In Cartwright v. State, 708 P.2d 592, 594 (Okl.Cr.1985), we held that the test for determining the effectiveness of both trial and appellate counsel is the standard of "reasonably effective assistance" set for in Strickland v. Washington, 466 U.S. 668, 686, 104 S.Ct. 2052, 2064, 80 L.Ed.2d 674, 692-693 (1984). In hearing a claim of ineffectiveness of counsel, the reviewing court must indulge in a strong presumption that counsel's conduct falls within the wide range of reasonable professional assistance. The defendant must overcome the presumption that, under the circumstances, the challenged action might be considered sound trial strategy. Id. 466 U.S. at 694-696, 104 S.Ct. at 2070, 80 L.Ed.2d at 699. The burden rests with the appellant to show that there is a reasonable probability that, but for any unprofessional errors by counsel, the result of the proceeding would have been different. A reasonable probability is a probability sufficient to undermine confidence in the outcome. Id., 466 U.S. at 698, 104 S.Ct. at 2070.

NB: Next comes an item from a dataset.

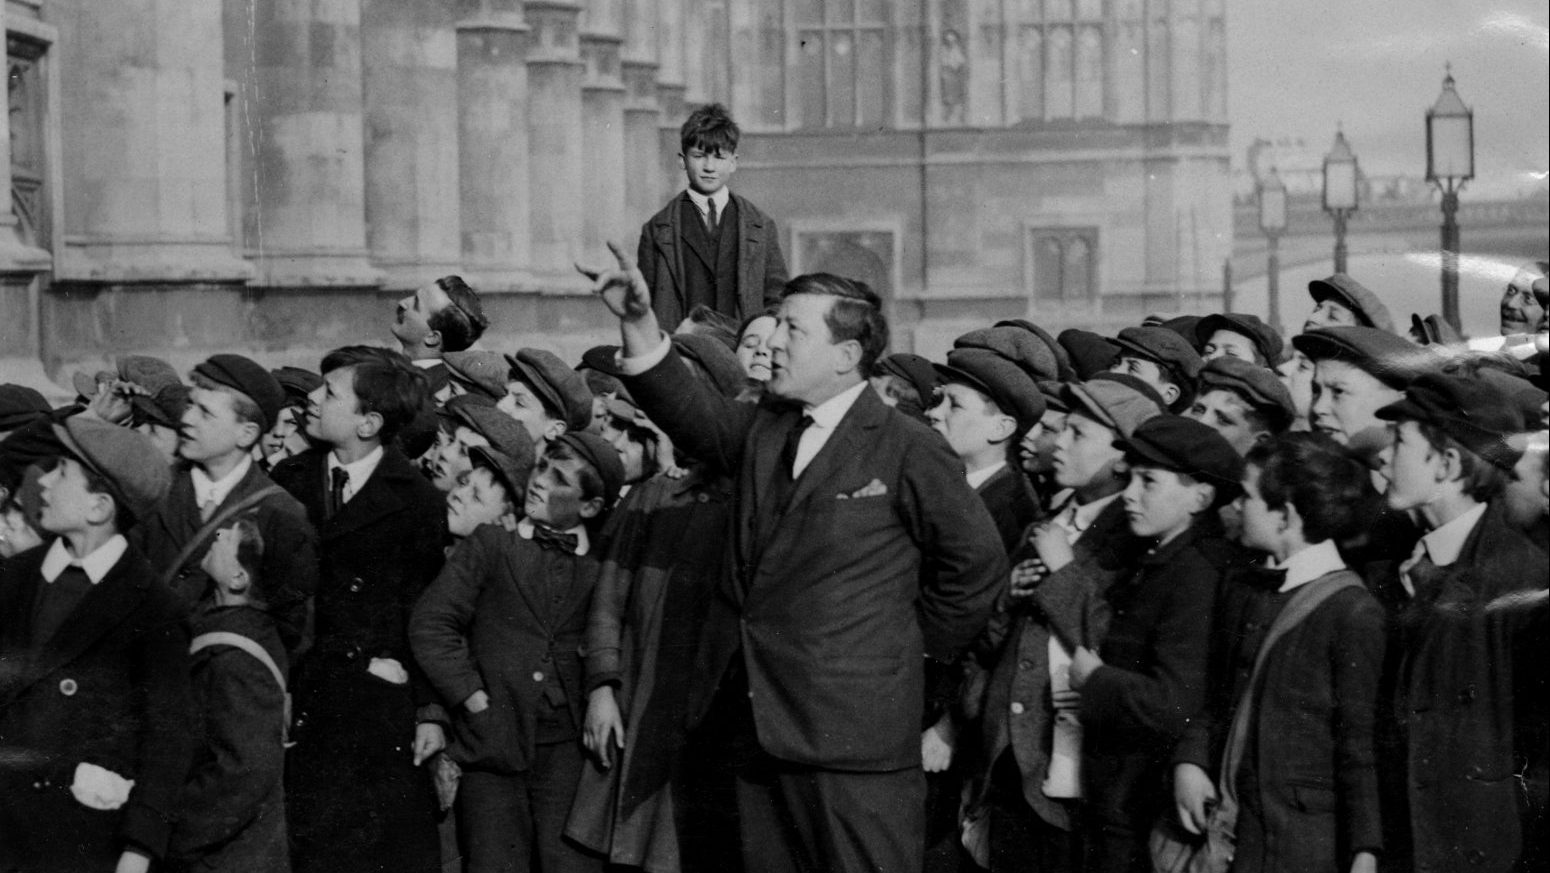 Welsh politician Clement Edwards leads a group of schoolchildren on a tour of the Houses of Parliament, c1925
Photo: Kadel & Herbert. Photo: Visual Studies Workshop/Getty

Counsel on the first post-conviction application raised nine (9) allegations of error. An evidentiary hearing was held on that first application. Several of the claims were the same as presented now. 6 The fact that counsel was not successful does not make her ineffective. Further, the fact that she raised issues different from those raised on this successive application or raised similar issues in a different manner does not make counsel ineffective. 7 In Boltz v. State, 806 P.2d 1117, 1126 (Okl.Cr.1991), this Court stated:

"[A]n attorney who makes a strategic choice to channel his investigation into fewer than all plausible lines of defense upon which he bases his strategy are reasonable and his choices on the basis of those assumptions are reasonable...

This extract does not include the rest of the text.